Increased urinary Angiotensinogen/Creatinine (AGT/Cr) ratio may be associated with reduced renal function in autosomal dominant polycystic kidney disease patients
Hayne Cho Park, Ah-Young Kang, Joon Young Jang, Hyunsuk Kim, Miyeun Han, Kook-Hwan Oh, Seung Hyup Kim, Jung Woo Noh, Hae Il Cheong, Young-Hwan Hwang, Curie Ahn
Abstract
Autosomal dominant polycystic kidney disease (ADPKD) is one of the most common hereditary kidney diseases that frequently result in renal failure. In this cross-sectional observational cohort study, we evaluated urinary angiotensinogen (AGT) as a potential biomarker to assess renal function in ADPKD.
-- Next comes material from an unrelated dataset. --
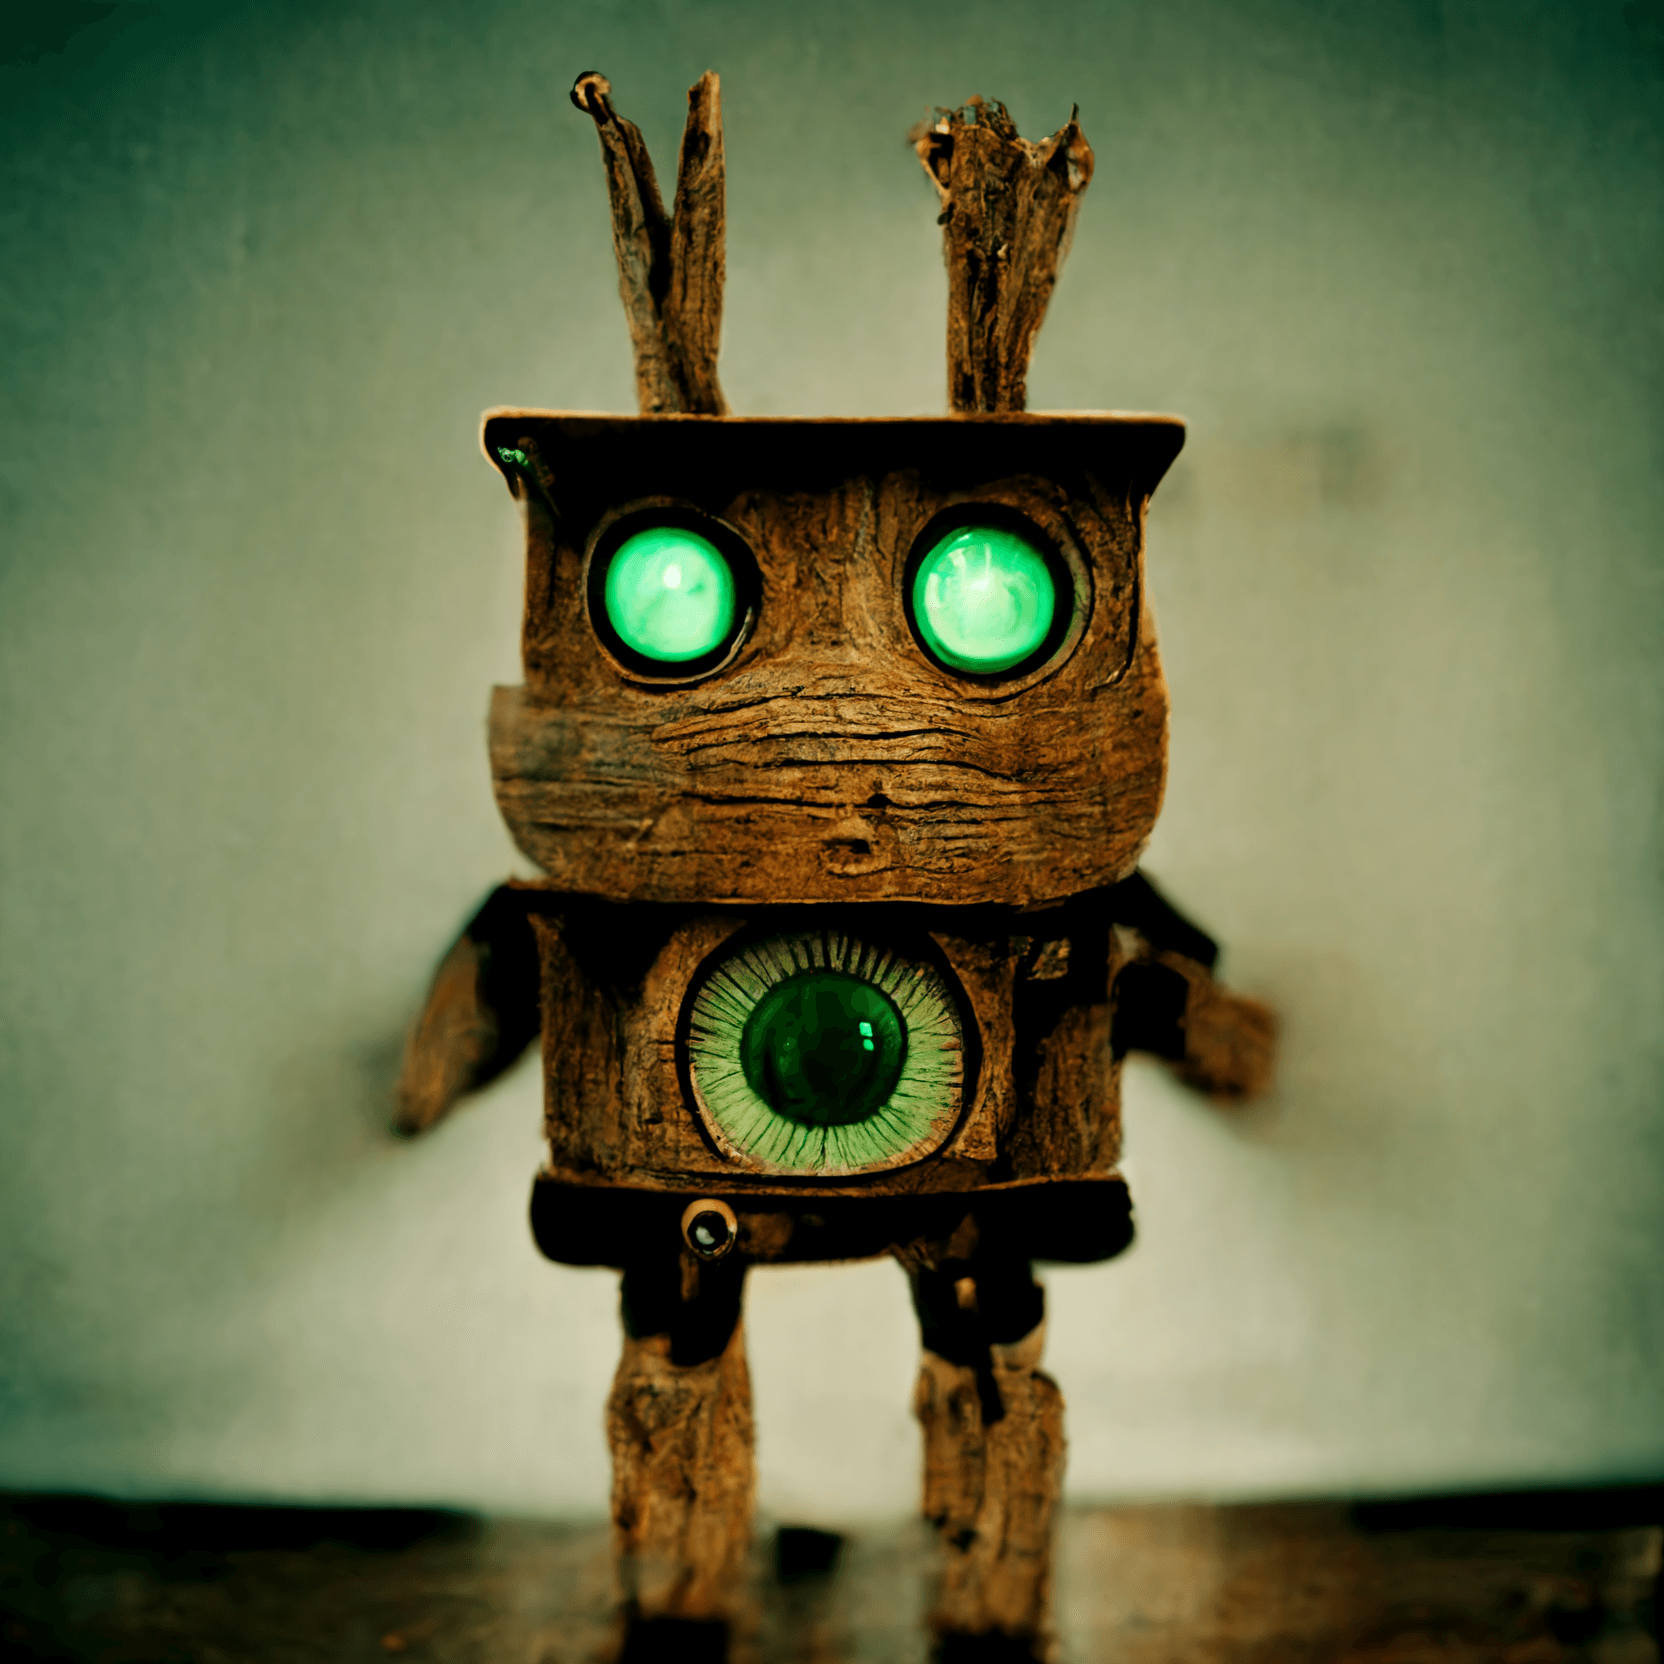 Wooden robot "Bray"

Urinary AGT was measured in 233 ADPKD patients and its association with estimated glomerular filtration rate (eGFR) and height-adjusted total kidney volume (htTKV) were evaluated. The localization of AGT and other renin-angiotensin system (RAS)-related molecules were identified using immunohistochemistry in human ADPKD tissues.
Baseline urinary AGT/Cr was negatively correlated with CKD-EPI eGFR (r (2) = 0.162, P < 0.001) and positively correlated with htTKV (r (2) = 0.107, P < 0.001). Both urinary AGT/Cr and plasma renin activity levels were significantly elevated in hypertensive ADPKD patients. Among hypertensive subjects, urinary AGT/Cr was significantly increased in the advanced CKD stages (III-V) compared to early CKD stages (I-II) (28.6 ± 60.3 vs. 93.2 ± 139.3 μg/g, P < 0.001). Immunohistochemical study showed strong expression of AGT along the cyst-lining epithelial cells as well as the nearby compressed tubular epithelial cells.
Our results suggested that urinary AGT/Cr may be a valuable biomarker for renal damage in ADPKD since intrarenal ischemic insults induced by cyst growth and subsequent intrarenal RAS activation may play a potential role in the development of hypertension and renal dysfunction in ADPKD.